Fourier transformation of cosine

Question

I am trying to do the Fourier transformation of the expression $x(t) = 10 \cos(50\pi t)$; I have used the Euler representation to get as far as:

$$5\int_{-\infty}^{\infty}e^{-j50\pi t}e^{-j50\pi t}dt$$

Answer 1

Strictly speaking, this function does not have a Fourier transform. However, if we allow for more generalized functions, the following formula should get you to your answer: $$ \mathcal F\left[e^{i\omega_0 t}\right] = \int_{-\infty}^\infty e^{i\omega_0t}e^{-i\omega t}dt = 2\pi\delta(\omega - \omega_0), $$ where $\delta$ is the Dirac delta function.

EDIT: So let me go into more detail about the delta function.

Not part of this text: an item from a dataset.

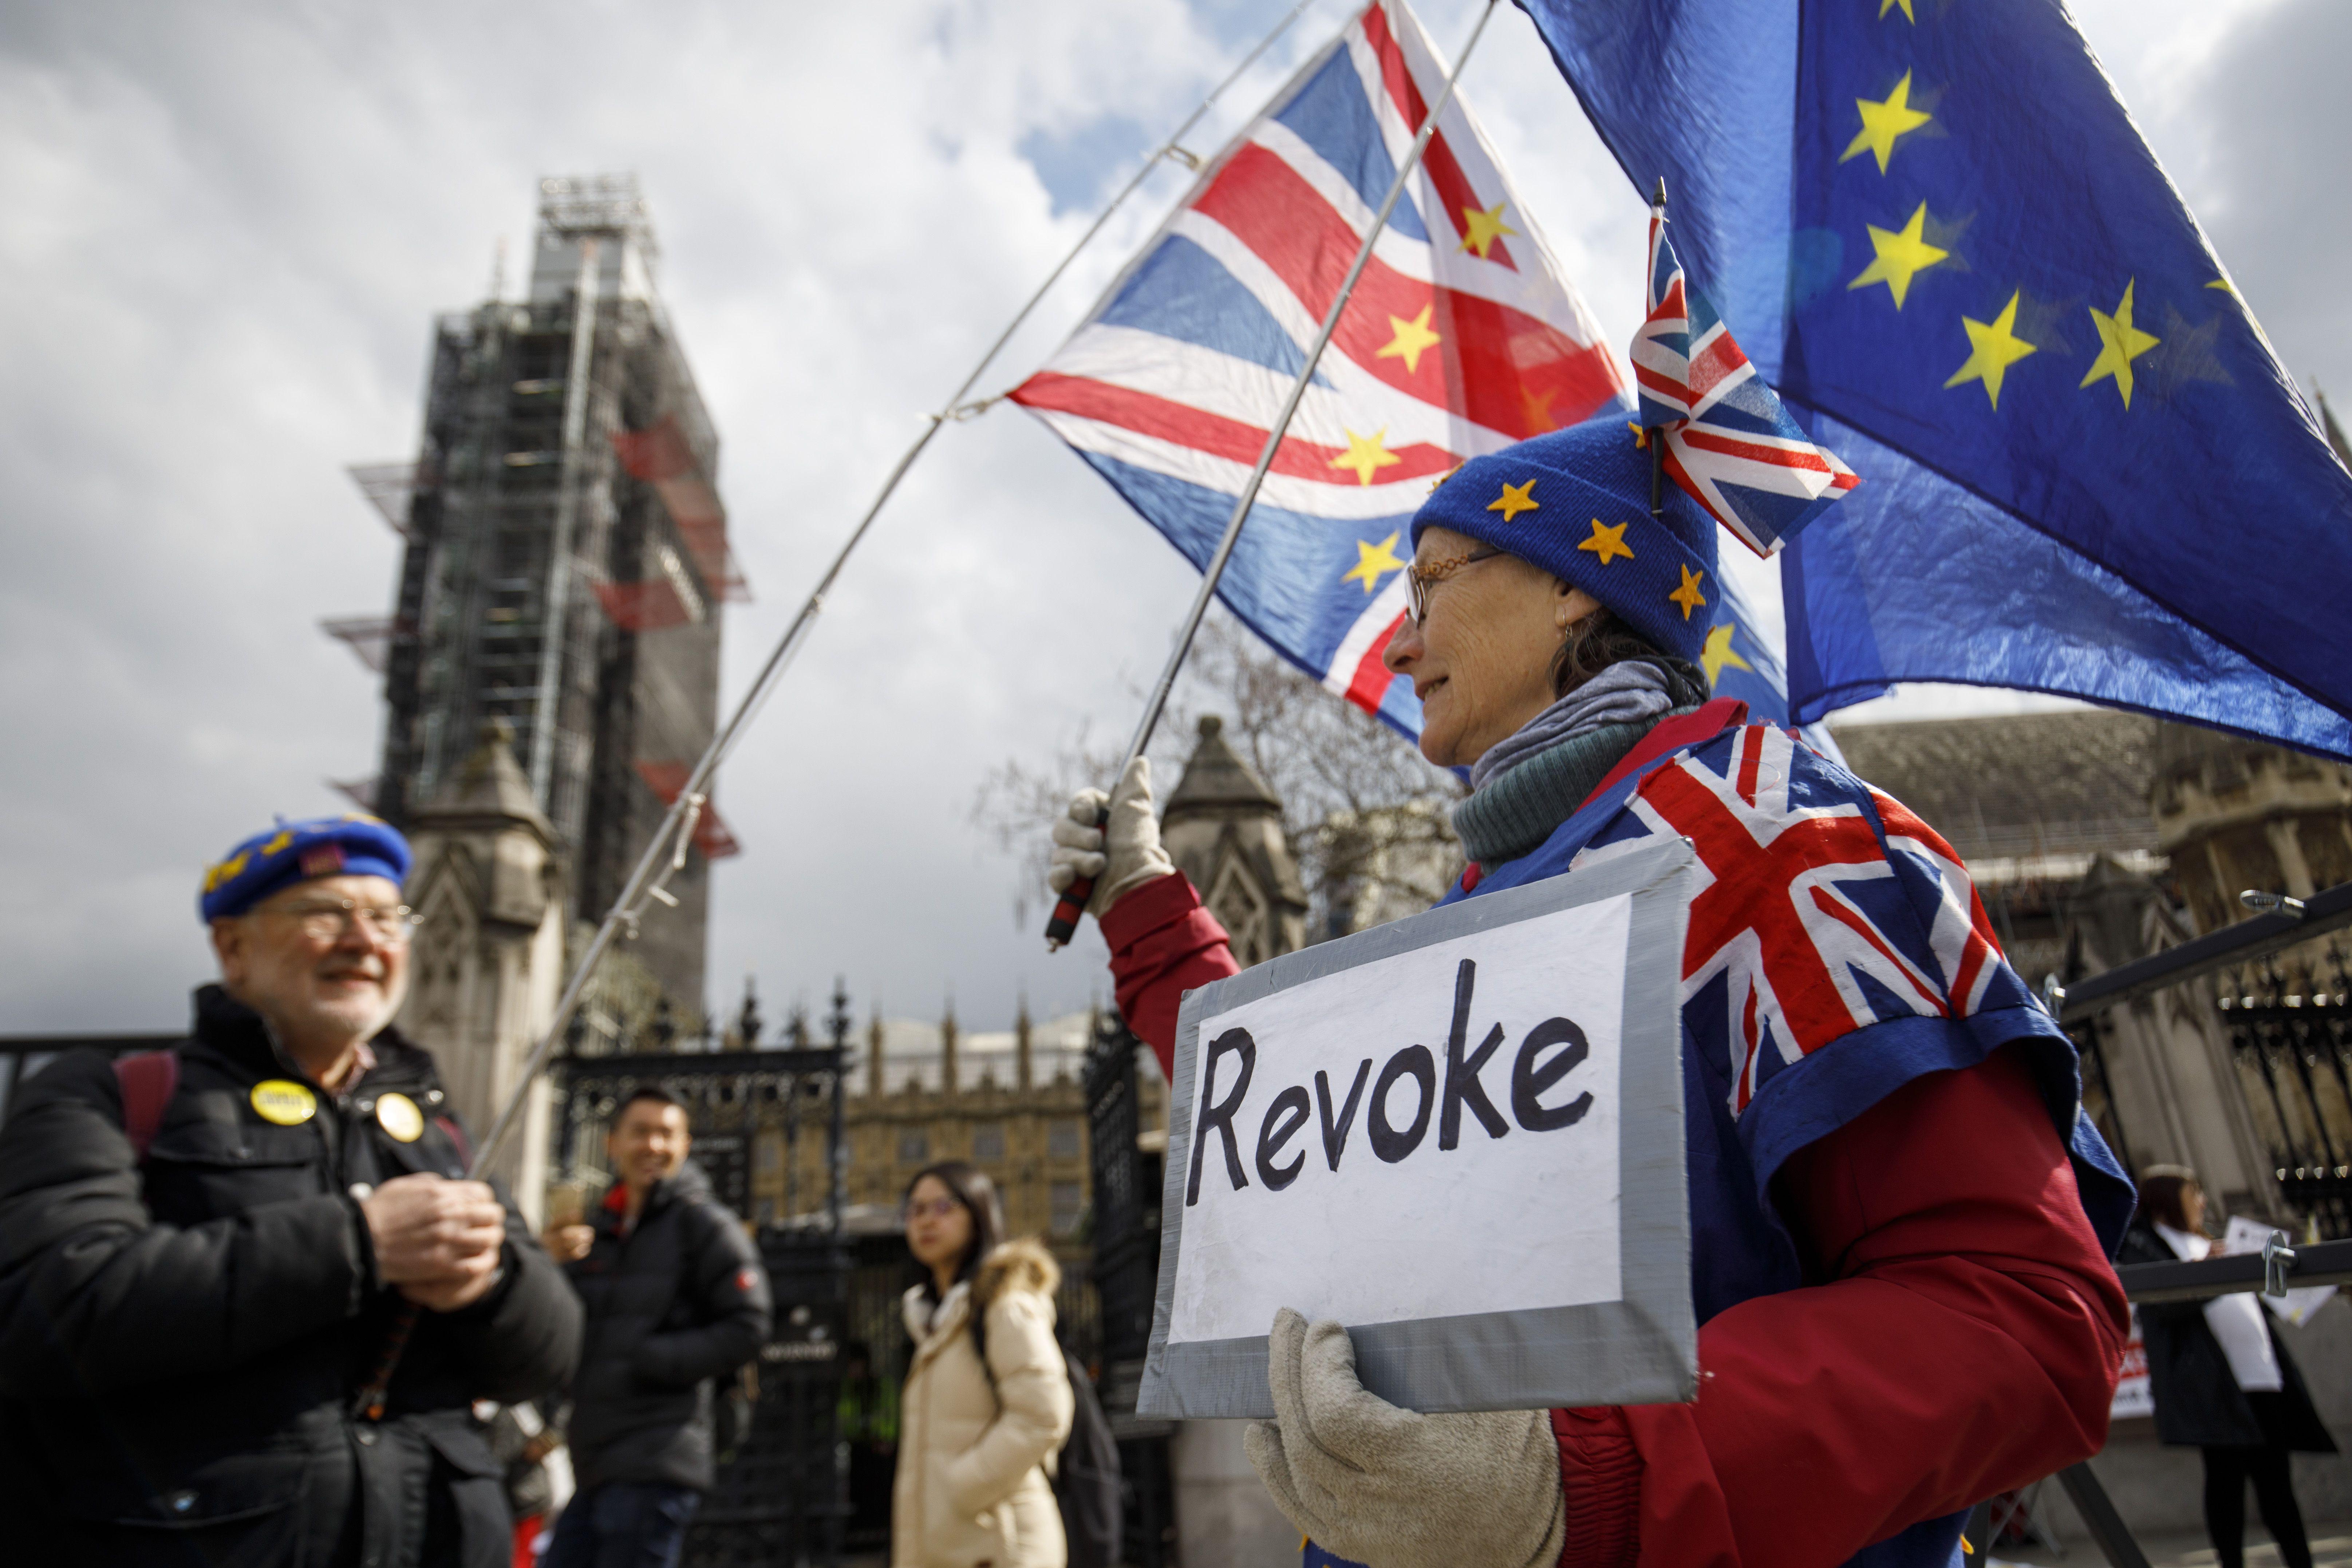 無協議脫歐風險大 英首相尋求與工黨合作

The delta function is defined such that $\int_{-\infty}^\infty\delta(x)dx = 1$ and $\delta(x) = 0$ for all $x\ne0$*. Most importantly, the delta function has the property that $\int_{-\infty}^\infty f(x)\delta(x-x_0)dx = f(x_0)$. It is this property that makes the above formula work. If you apply the inverse Fourier transform to $2\pi\delta(\omega - \omega_0)$, you'll see it recovers $e^{i\omega t}$.

*You might notice at this point that no function could have such properties, and you'd be right: the delta function is not a function. But it has many of the same properties of a function so we call it that anyways.